Slitting Saw Woes

Jim, thanks for that video. It was very interesting.

I noticed he used the slitting saw again around 16 minutes and his arbor had a substantial wobble. I'm surprised he didn't have any problems with it. Maybe because it was cutting aluminum. The arbor I used definitely ran truer than that one. I also noted he did not use flood coolant / lube. Much less mess that way and it obviously worked, even in the drill rod.
 
Didn't notice the wobble in the aluminium but maybe that was his way to gain clearance. Someone asked in the comments about running the arbor in a drill chuck that might have been of which they speak. The drill rod cut was closer to what your doing but I would use more coolant then he did.

Jim
 
Jim, thanks for that video. It was very interesting.
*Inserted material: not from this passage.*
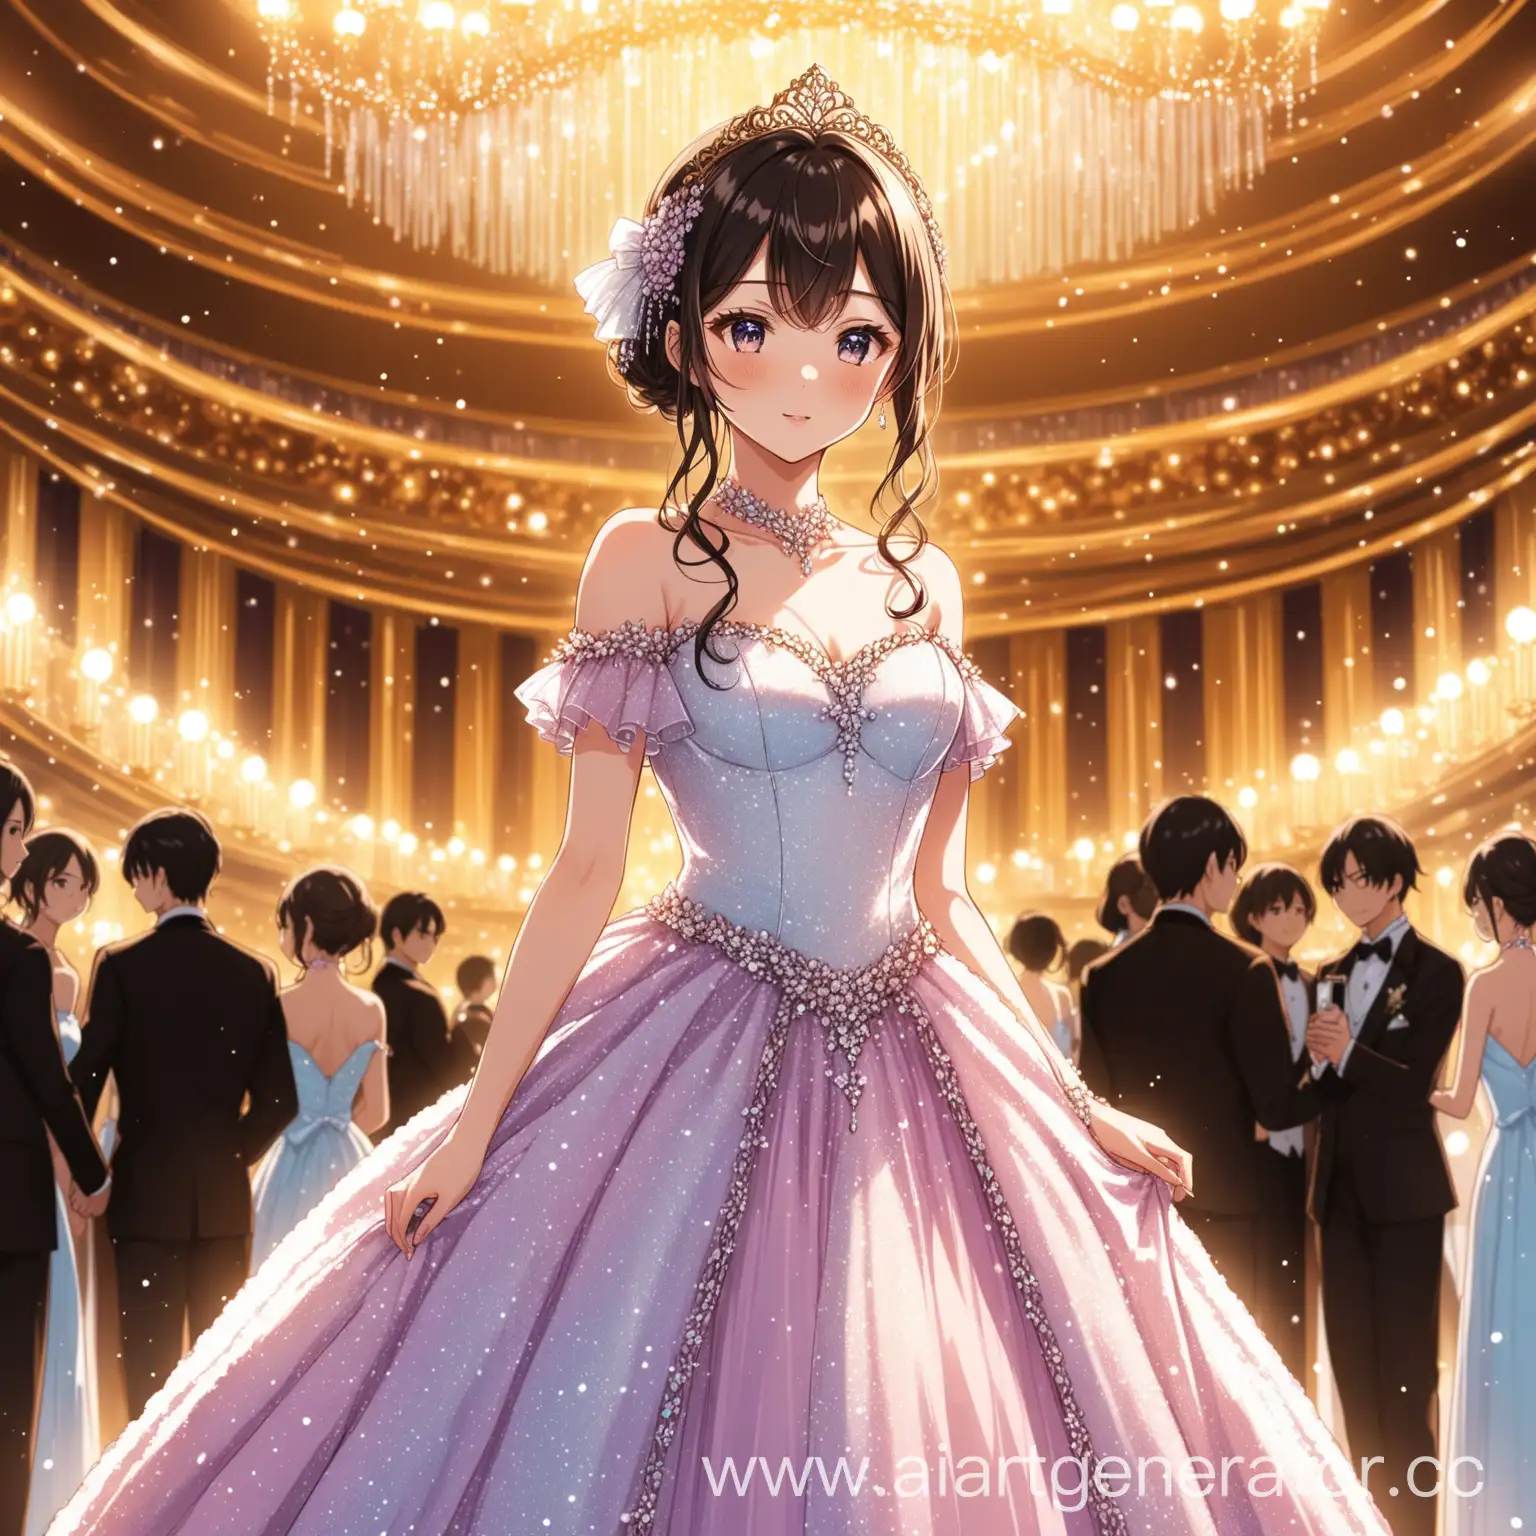 Elegant-Anime-Girl-in-Luxurious-Ballroom-Dress-Dancing-at-a-Lavish-Ball

I noticed he used the slitting saw again around 16 minutes and his arbor had a substantial wobble. I'm surprised he didn't have any problems with it. Maybe because it was cutting aluminum. The arbor I used definitely ran truer than that one. I also noted he did not use flood coolant / lube. Much less mess that way and it obviously worked, even in the drill rod.
Some radial run-out is not a problem, you can hear it as he takes his cuts. It does look like some axial run-out also but his cuts are so shallow I don't think it's a problem. I'm no authority but it's what I've learned to be true.
 
I don't pretend to be an expert with slitting saws, but I have used them alot. No matter if it was a 10 dollar Chinese blade or a $70 USA blade they all have runout due to the arbor. I use to fret about it, but I figure its like a a flycutter, you hit and cut and then nothing, repeat, rinse and start over do it some more. I have dialed in arbors, found them to be true put on a name brand USA blade and same deal. As others have said, a half decent blade, reasonable speed and feed that is enough to feel some resistance when hand feeding gives me best results. I use Mist coolant, either fogless or siphon style, they both get the job done. The air in the mist helps clear the chip while the fluid in the mist cools. Flood coolant would be grand but I don't use it on any of machines even though they are ( were) set up for it. The advantage of hand feeding is if things go south, you can pull back instantly and save most of blade teeth, if you are under powerfeed and the wheels come off, usually the blade is toast, if you only loose one or two teeth hand feeding you can still have a usable tool. Usually the problems have been hitting a hard spot in cast iron. My one very spendy USA slitting blade has 3 teeth in a row stripped, it still works fine.
 
(Snip)My one very spendy USA slitting blade has 3 teeth in a row stripped, it still works fine.
I saw Abom79 do that in a video and thought "NO!!!", but it worked out just fine. After that I pulled a nice 5" stagger tooth slitting saw missing three teeth out of my scrap tool steel and put it in with the good saws. Haven't tried it yet, but not afraid to now...
 
Well if you guys can use blades with missing teeth I am going to give my blade another try. Its the only one I have so if I can't get it to work I will need to get another one or figure out another way to get this done. I've got one more collet to make then I will need to split all 4 collets. Going to use the info provided here and see if I can get my current blade to cut. I felt it again and notice the sides of the teeth feel sharp except for the very outer perimeter, where they are shiny (dull). The outside edges (on the periphery) feel dull and they felt the same before I used it the first time.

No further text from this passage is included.